We are informed by the Times of Saturday, that at the late Conservative enactment at D.L., not only his Royal Highness Prince Albert, but the infant Princess Royal, was “drunk, with the usual honours.”—[Proh pudor!—PUNCH.]


SIBTHORP’S VERY BEST.

Sibthorp, meeting Peel in the House of Commons, after congratulating him on his present enviable position, finished the confab with the following unrivalled conundrum:—“By the bye, which of your vegetables does your Tamworth speech resemble!”—“Spinach,” replied Peel, who, no doubt, associated it with gammon.—“Pshaw,” said the gallant Colonel, “your rope inions (your opinions), to be sure!” Peel opened his mouth, and never closed it till he took his seat at the table.

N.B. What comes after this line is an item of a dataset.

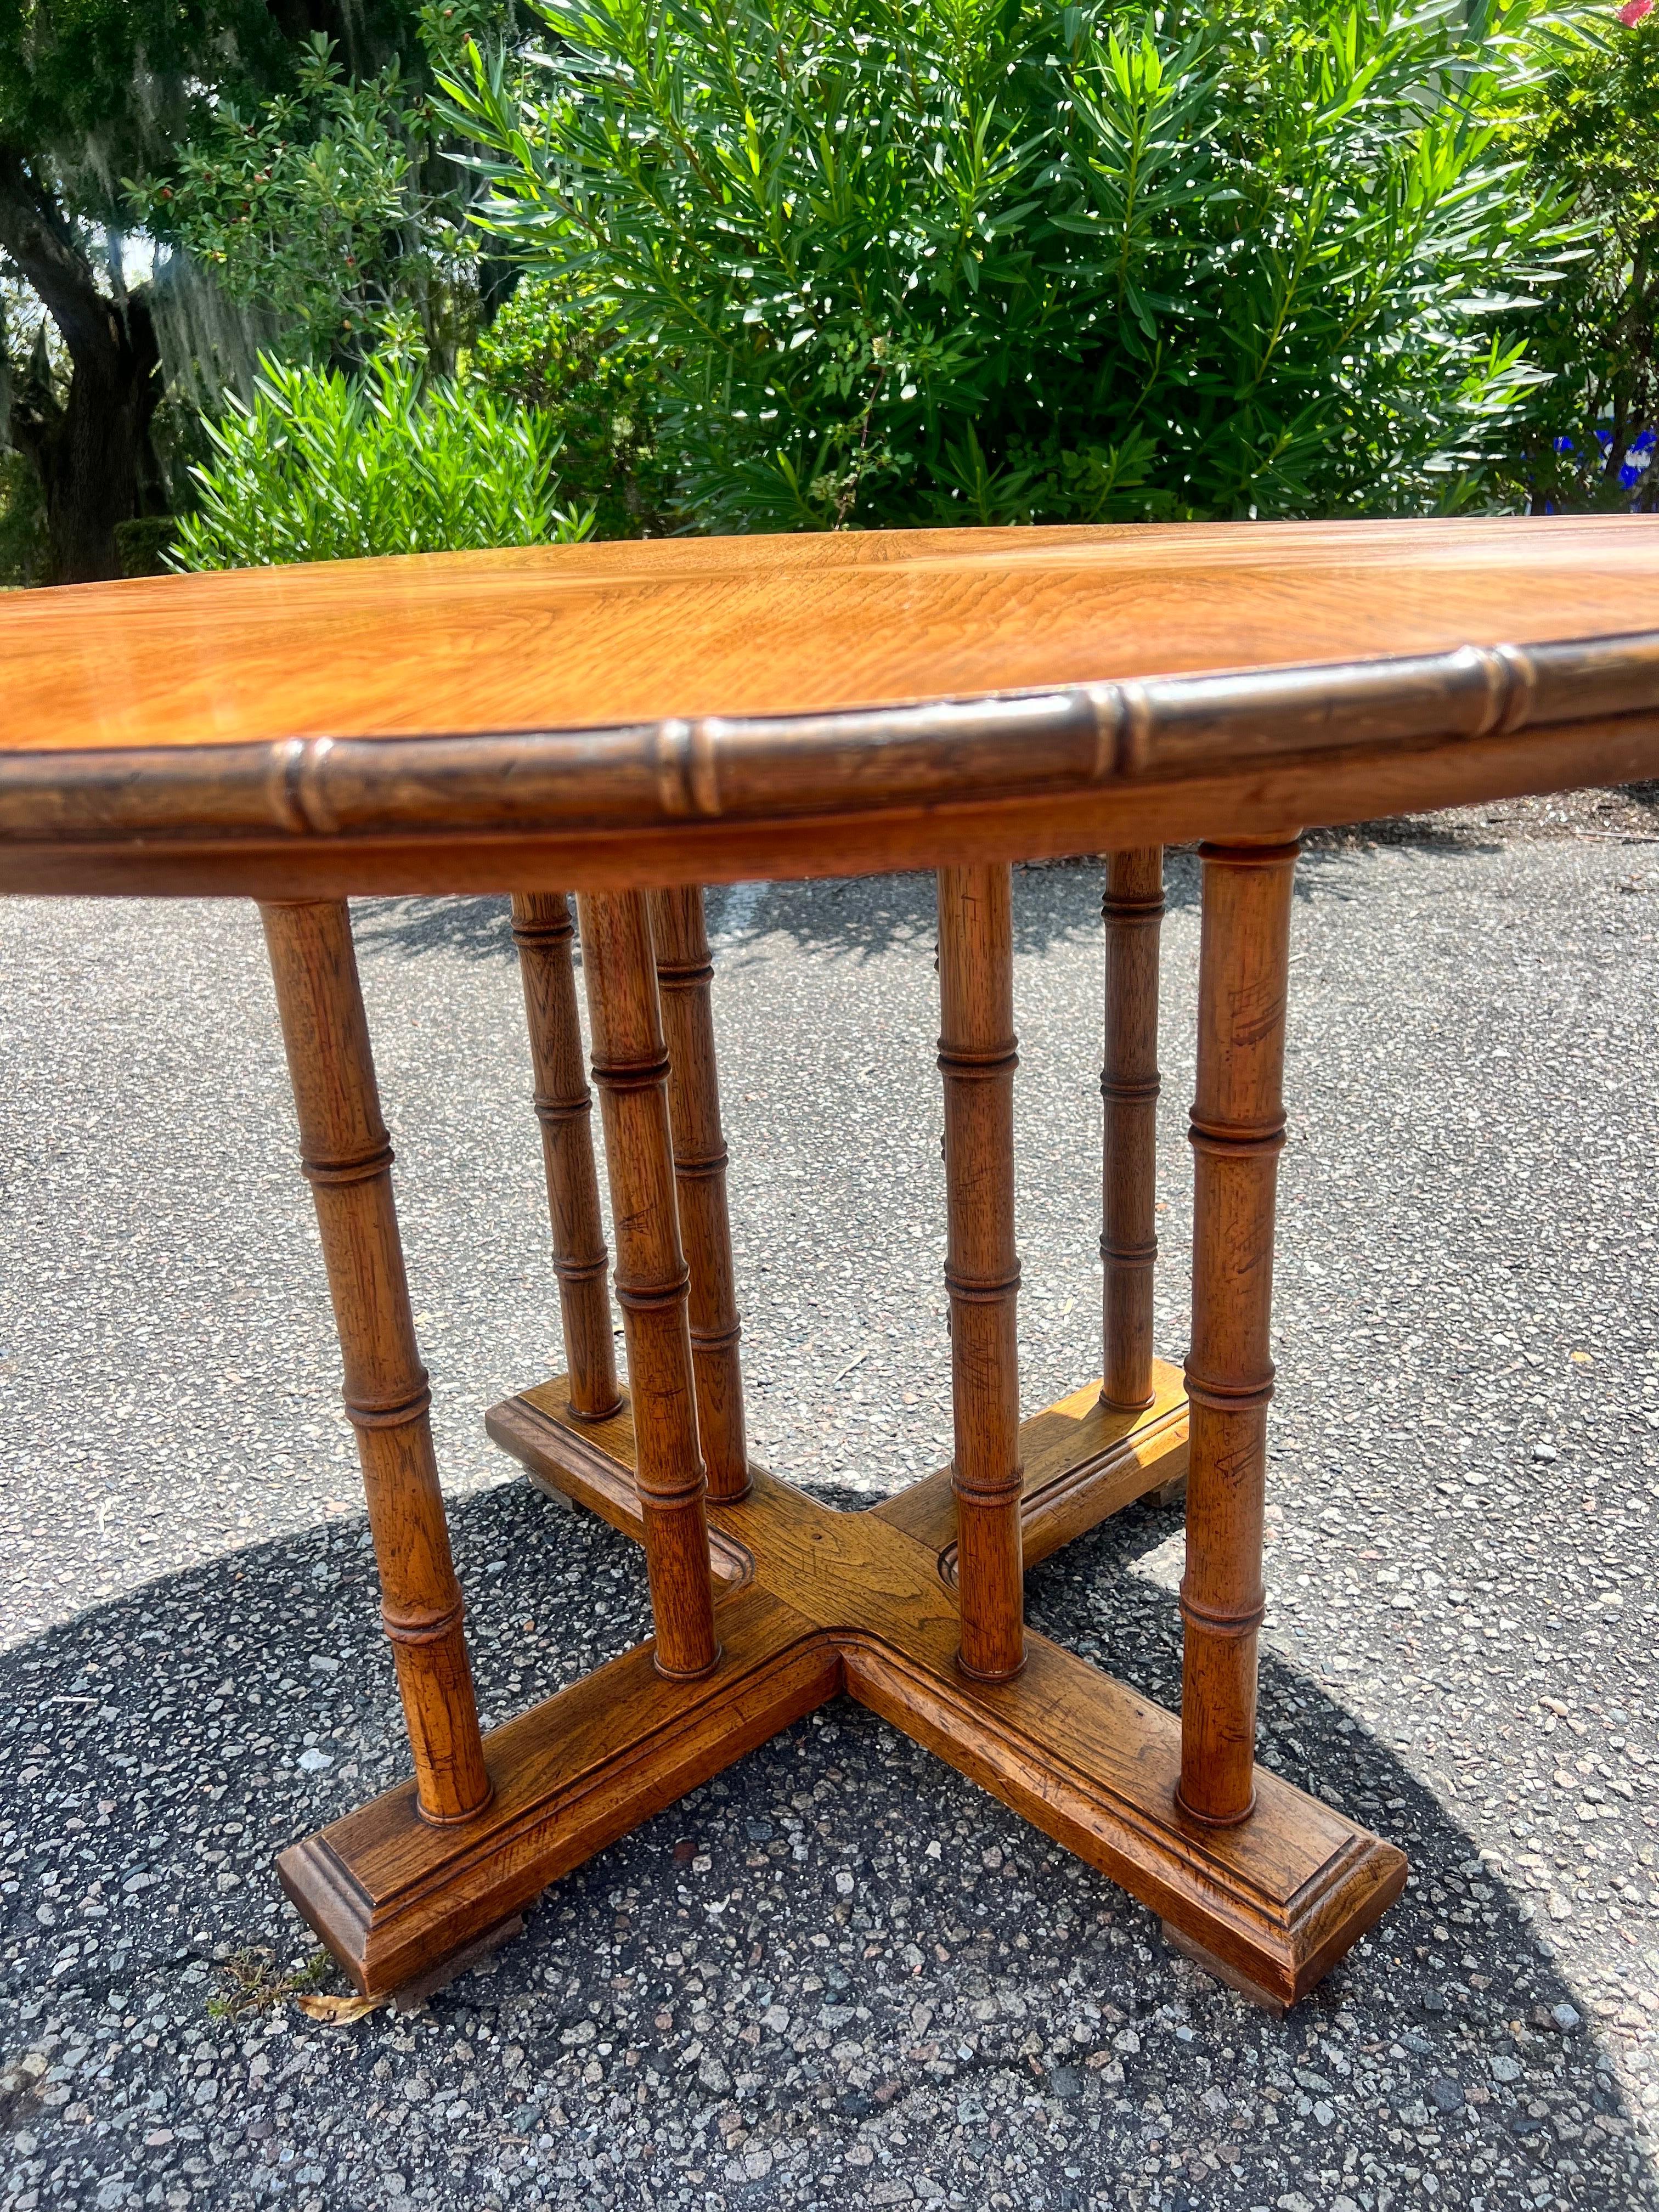 Vintage 1960's pedestal base table avec 2 faux fuseaux de bambou reliant les 4 pieds au plateau de la table totalisant 8.    Le plateau de la table est également entouré d'une bande de bambou en faux bois sculpté.   La table a un très beau grain de

BEAUTIFUL COINCIDENCE!—A PAIR OF TOOLS.

Sir Francis Burdett, the superannuated Tory tool, proposed the Conservative healths; and Toole the second, as toast-master, announced them to the assemblage.


THE CURRAH CUT;

OR, HOW WE ALL GOT A FI’PENNY BIT A-PIECE.

“Are the two ponies ready?”

“Yes!”

“And the ass?”

“All right!”

“And you’ve, all five of you, got your fi’pennies for Tony Dolan, the barber, at Kells?”

“Every one of us.”

“Then be off; there’s good boys! Ride and tie like Christians, and don’t be going double on the brute beasts; for a bit of a walk now and then will just stretch your legs. Be back at five to dinner; and let us see what bucks you’ll look with your new-trimmed curls. Stay, there’s another fi’penny; spend that among you, and take care of yourselves, my little jewels!”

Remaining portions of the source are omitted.